This man was not committed to death row because of one doctor. He was found guilty because multiple people in his life testified he had a history of violently shaking and screaming at a child for crying.
The doctors failed to diagnose the infant with severe pneumonia and prescribed it medications that are no longer considered safe for children. This seems like plenty of doubt to not convict him.
IANAL, but wouldn't that be against the rule that character evidence cannot be used by the prosecution (unless in countering character evidence from the defence)?
Specifically, I believe what you describe would be in contravention of the following: https://www.law.cornell.edu/rules/fre/rule_404
> (a) Character Evidence.
> (1) Prohibited Uses. Evidence of a person’s character or character trait is not admissible to prove that on a particular occasion the person acted in accordance with the character or trait.
> [...]
> b) Other Crimes, Wrongs, or Acts.
> (1) Prohibited Uses. Evidence of any other crime, wrong, or act is not admissible to prove a person’s character in order to show that on a particular occasion the person acted in accordance with the character.
> (2) Permitted Uses. This evidence may be admissible for another purpose, such as proving motive, opportunity, intent, preparation, plan, knowledge, identity, absence of mistake, or lack of accident.
Yes, this article is from 2016 and yes it's in Texas which has a strong law which allows throwing out bad science.
The suspect forensic claim was such a small part of the evidence against the defendent that it didn't survive appeals.
You know the issue with that claim? It would have shown up in autopsy. There would still be inflammation in the lungs.
The child had breathing problems because of SBS. SBS can pinch off the airway.
This is a kid that was repeatedly in a hospital. Not for a diagnosed issue such as Asthma but because SBS damage kept occuring because Roberson kept shaking the child hard enough for her to pass out on multiple occasions.
You can't testify that a defendent was "a jealous man" or "of unsavory character". You can testify that you saw him shake an infant angrily until she passed out.
In other words, you can't argue that given there is evidence that the defendant shook babies in anger before, he is the kind of guy who shakes babies in anger, and therefore this is evidence in favour of him having shaken this baby to death.
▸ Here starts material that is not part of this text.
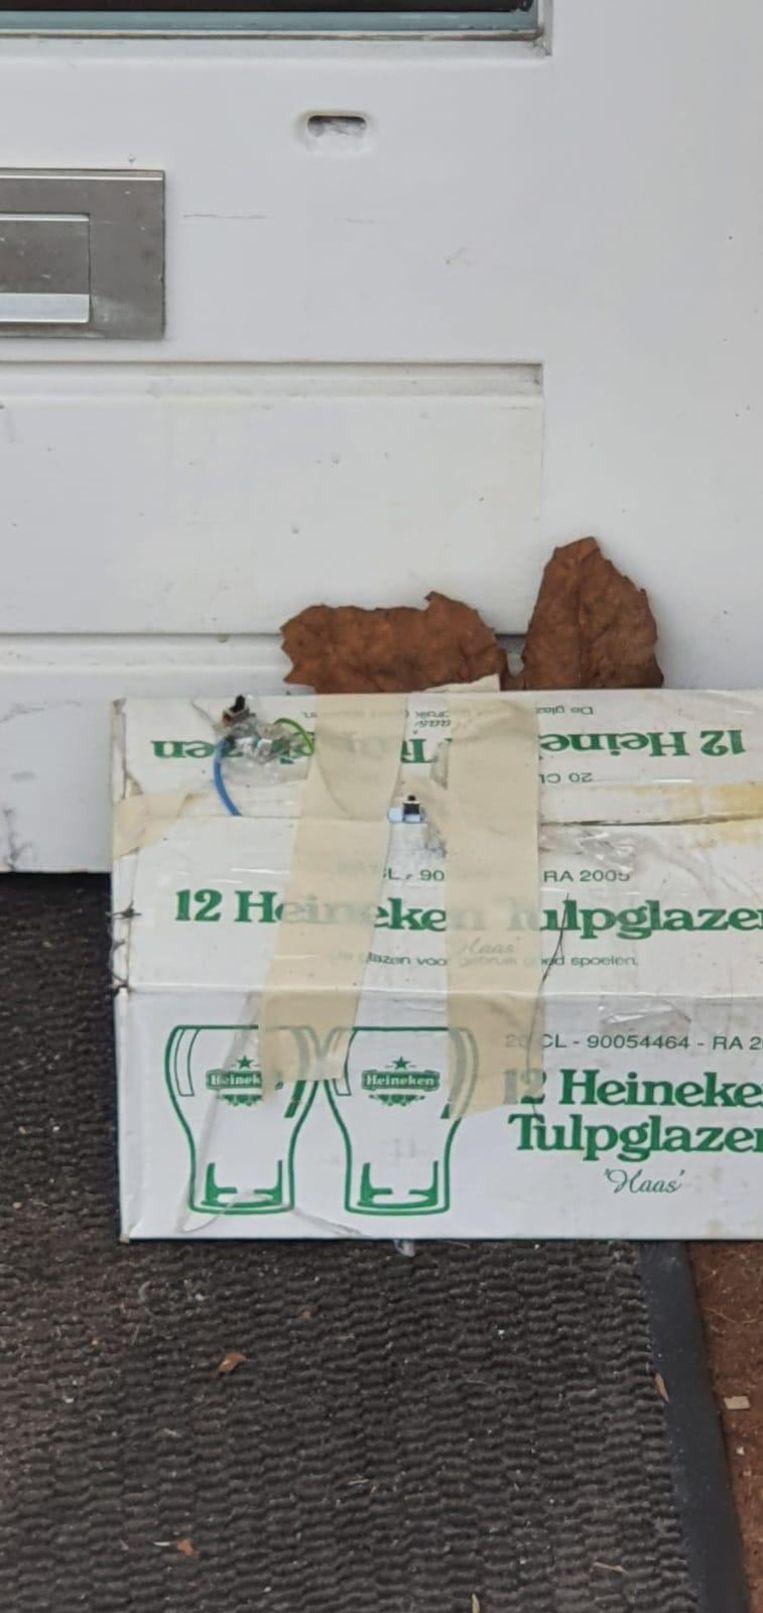 Het verdachte pakketje dat voor restaurant HaCarmel werd aangetroffen. Beeld Federatief Joods NL

Regarding (b)(2), I interpret that the testimony that the defendant shook infants in anger in the past would only be admissible under (b)(2) if the previous acts were "proving motive, opportunity, intent, preparation, plan, knowledge, identity, absence of mistake, or lack of accident". I cannot see how having shaken an infant in the past could provide evidence for any of the above as relates to the separate and specific alleged infant-shaking event for which the defendant was on trial.
But it also means prosecutors often avoid scientific evidence in favor of witness testimony.
It also creates situations where no DNA test is done on evidence. On appeal the defense says “the prosecution didn’t even do dna testing!” But during the trial the defense wasn’t asking for it (and neither was prosecution) so of course it didn’t happen.